Wednesday, November 5, 2008

Punnet Squares

Hello Everyone!

I know I've been away for a little while but I wanted to say thank you for all the get well emails and cards--you are all absolutely wonderful!!!

As we hit the holiday season and get ready to enter into a new year it's important that as businesswomen we continue to look forward to see what trends we need to get on board with and some that we need to jump off of before they hit the wall.

Abby Wilkerson with redpepper sent me a letter that I wanted to share with everyone. I think it's a wonderful way to remind us about not getting stuck in a rut and to continue to embrace and look for new improvements for our businesses and jobs.


Punnet Squares

I was in the sixth grade when we first began studying Punnet squares in science class. For those who have mercifully blocked out all memories of science class, Punnet squares are diagrams used by geneticists to determine the likelihood of an offspring having a particular gene by comparing the alleles of the two parents.

I never quite got the hang of Punnet squares. They seem deceptively simple, until you try to draw conclusions and ratios for acquiring green eyes (math is my other downfall – combining it with science was brutal). Luckily, Punnet squares were a very small portion of the test, so I never bothered really learning it. They reappeared almost every year after that, but again were a small portion of the test that I could make up for in the other sections. It took the fear of college biology before I sat down and figured them out.
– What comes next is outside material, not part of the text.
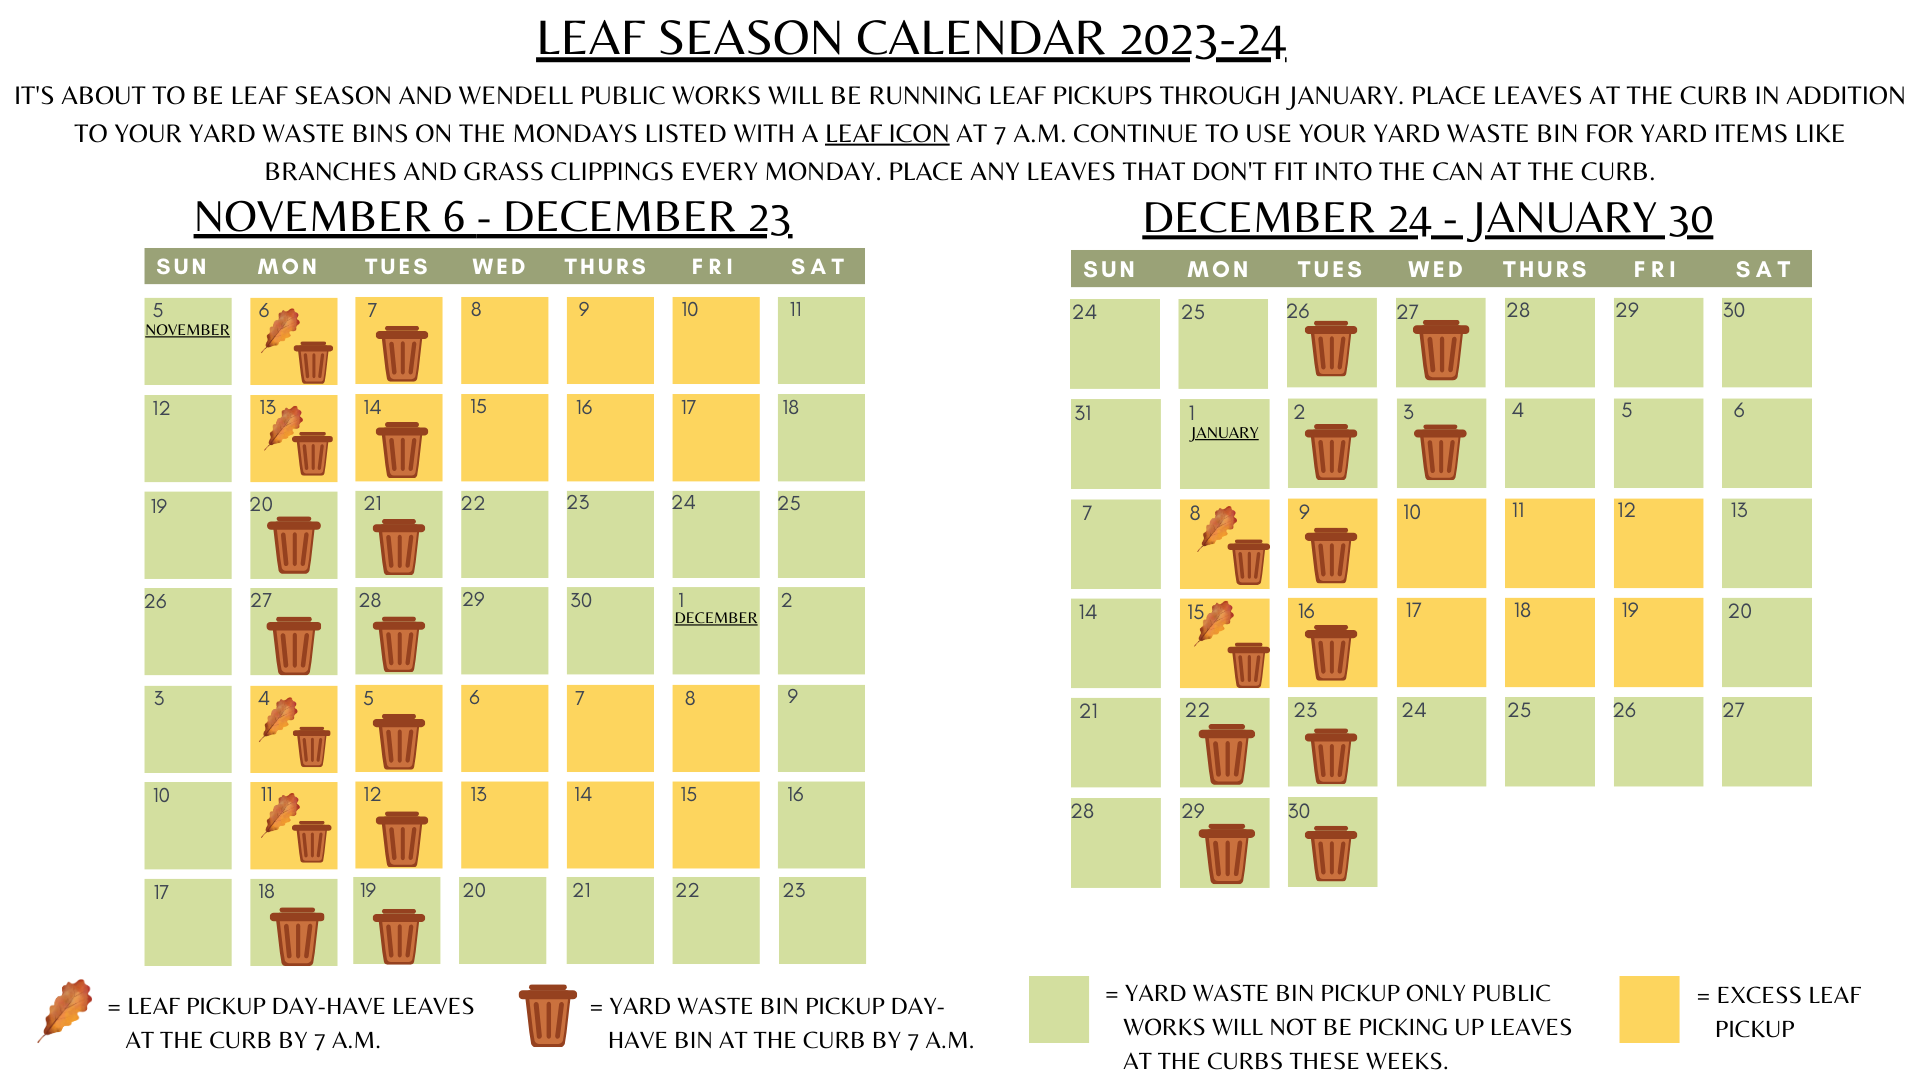 https://nmcdn.io/e186d21f8c7946a19faed23c3da2f0da/3834b95a93b14b3689a528c1f97c5d69/files/Leaf-Season-Calendar-2023-2024-.png

Like me, organizations tend to believe that science is an option. It’s not. If you run ineffective ads, it doesn’t matter how you spin them – they don’t work. If your industry is changing because of a technological breakthrough, it doesn’t matter whether or not you believe in the breakthrough – it’s still there.

Kodak spent years ignoring the invention of the digital camera. The company ended up laying off 1/5 of its workforce, presumably because they believed that the digital camera wouldn’t catch on. I knew someone who refused to learn how to properly use a computer – she’d already learned to use a fax machine right before it went the way of the dodo bird. Why learn another skill that she was sure would be debunk?

Denying reality (and Punnet squares) rarely leads to a positive outcome.